Vamos a ver otros detalles valiosos de la puesta en escena de Mann:
-El paisaje parece plegarse a los personajes que lo habitan, como si los reflejaran: un lugar yermo, ralo, desapacible e incoloro, con hondonadas y pedregoso, lo mismo que la casucha horripilante en que viven y se esconden como sabandijas los desastrados y sucios Dock Tobin y su banda.
-La pelea entre Jones y el forajido que obligó a desnudarse a la mujer, todo un ajuste de cuentas bien merecido, está mostrada de la misma brutal forma: es fea, nada “coreografiada”, los golpes no entran limpios, sino que hay agarrones, pisotones, manos en la cara, los dos personajes más en el piso que de pie. Una muestra cruel de cómo Jones termina cayendo –casi- a la par del otro, llegando casi hasta estrangularlo. A todo esto, el viejo Tobin (tío de Jones) se divierte como un chico ante el arranque de violencia desenfrenada de su sobrino, que vuelve a ser como él lo conocía. Llega a decir, después de presenciar gozoso la feroz paliza: “¡Link, le has dado vida a este viejo corazón!”. Este personaje de Tobin está jugado por el gran Lee J. Cobb (“Party girl”, “Los cuatro jinetes del Apocalipsis”, “Doce hombres en pugna”, “El exorcista”), caracterizando a un desquiciado y sentimental criminal que al final termina asumiéndose como un fantasma que se entrega sin esperanza a la muerte.
-El duelo entre Jones y su odiado primo Claude, en el pueblo fantasma, también tiene aquellas características: no sale “limpio”, sino que los dos personajes heridos se arrastran penosamente, y, finalmente tirados ambos en el piso, dirimen el pleito.

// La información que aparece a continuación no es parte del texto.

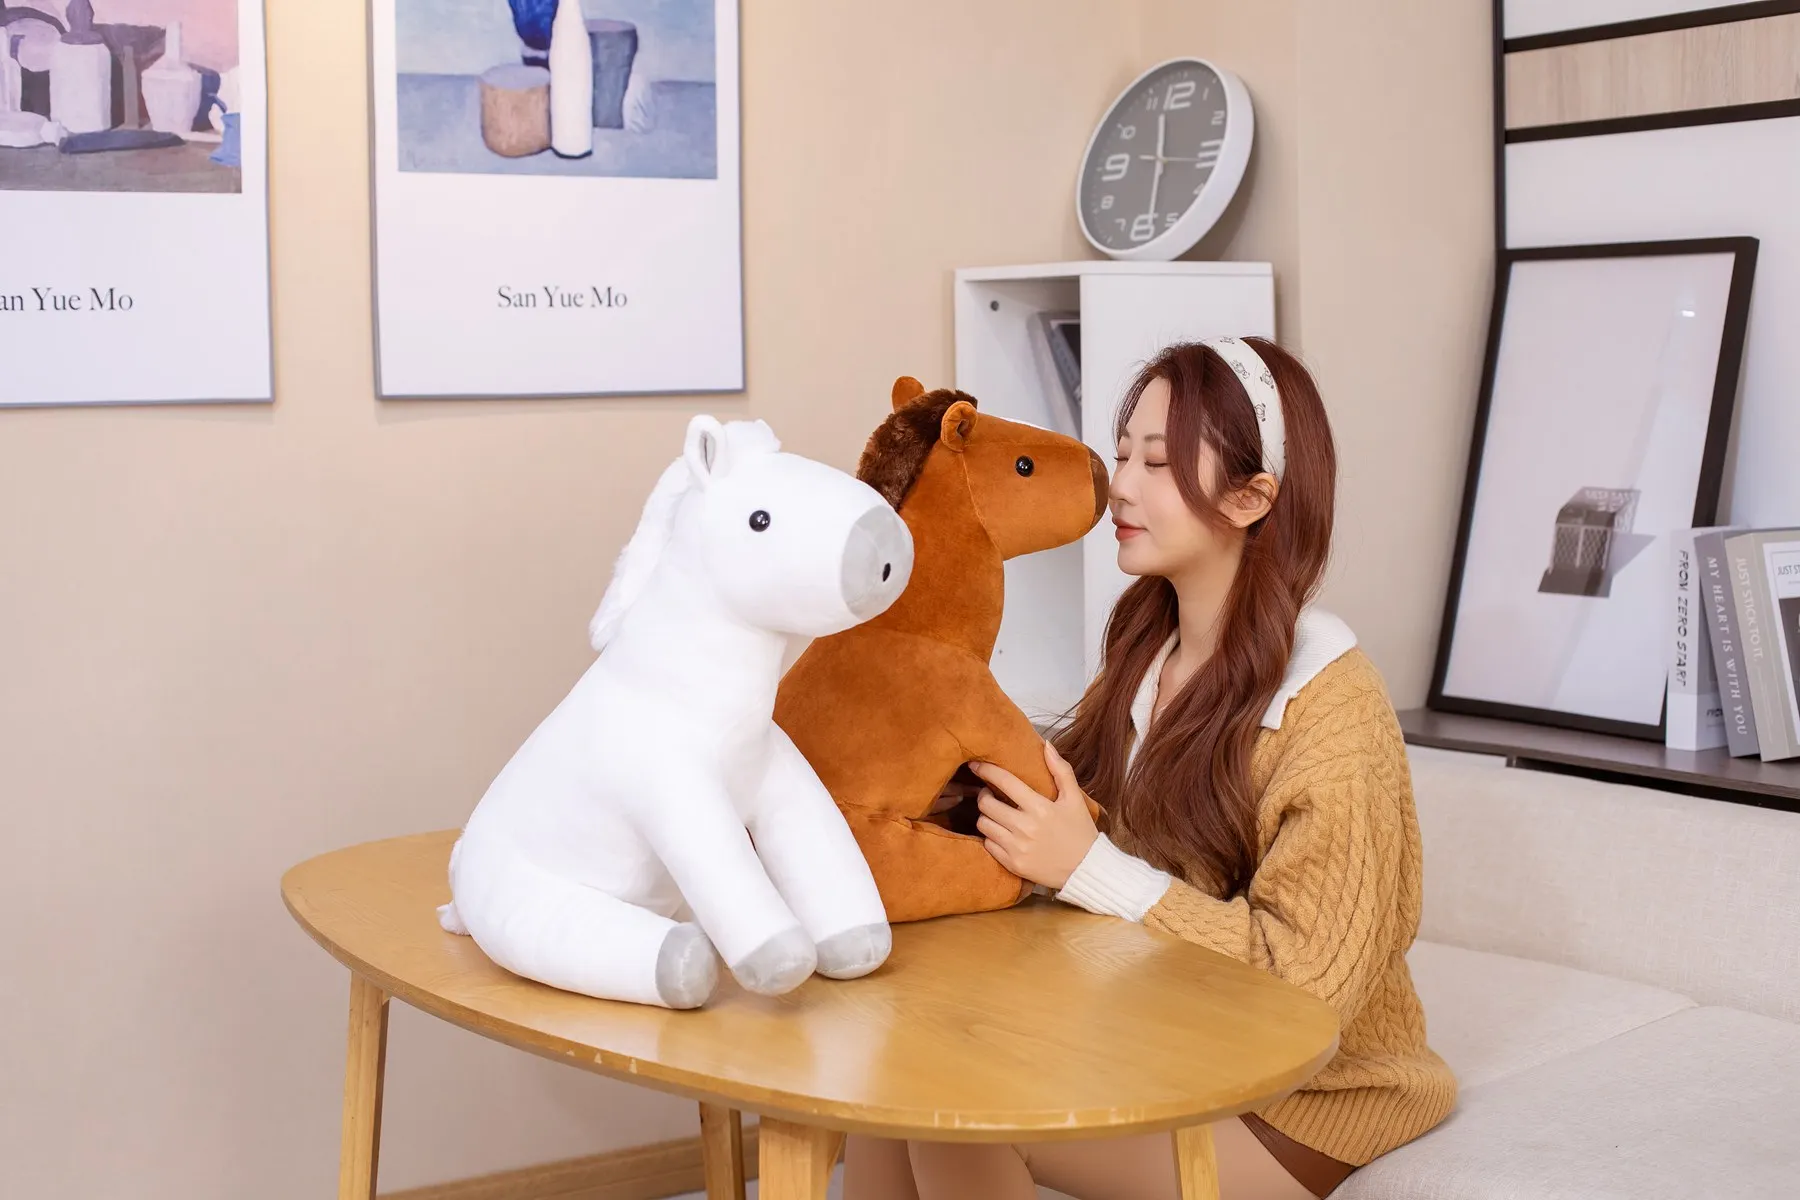 60/80cm Sitting Horse Soft Stuffed Plush Toy

-El final de esa secuencia es magnífico: cuando Gary Cooper está a punto de marcharse de ese pueblo, con tres cadáveres a cuestas, aparece un mejicano, esposo de una mujer asesinada por uno de la banda de Tobin, y pregunta respetuosamente en español: “Señor, ¿qué pasó?”, a lo que Cooper sólo atina a responder: “I’m sorry” para luego irse. El mal, el sucio mal, la ambición desenfrenada ha llegado hasta allí y ha cobrado su víctima inocente. Para que no la olvidemos, Mann cierra la secuencia con este detalle que podría olvidársenos. El rostro cansado y resignado de Gary Cooper es perfecto para tal fin.
-Cuando Cooper se acerca por primera vez a la casucha–escondite de Tobin, Mann lo muestra desde lejos y en un travelling lateral, mostrando al personaje y luego a la casa donde llega. Intuimos que en esta hay vida, que alguien se esconde, cuando la vemos unida en el mismo plano junto a él. Lo mismo hacía Mann, por ejemplo en “Winchester 73”, donde en una misma toma vemos a los indios que atacan y los soldados replegados que se defienden, o en “The tin star”, donde los personajes dentro de un ámbito se ven acechados por los que están afuera, merced a la ubicuidad de los grandes ventanales. Mann no rompe la continuidad, los personajes están unidos y a la vez enfrentados.
La película nos muestra a un héroe que no coincide con los cánones del héroe de los westerns, no es el típico pistolero infalible del “farwest”, sino que con astucia y complicadamente, en inferioridad ante sus enemigos, no rehuye la pelea, salva a una mujer de toda una desgraciada vida y vence en el combate más difícil: ese que libra contra sí mismo. Ese es su heroísmo: no degradarse pudiendo hacerlo.
La realidad se parece a veces al cine, y otras veces es al revés. Pero esto es así: al rengo se lo conoce cuando camina, como dice el saber popular. Y al Héroe cuando evita caer de su condición, por confiar demasiado en sí mismo. Ser Héroe es estar incómodo en el mundo, como Jones en ese tren que no va a ninguna parte, porque el verdadero viaje para él es otro.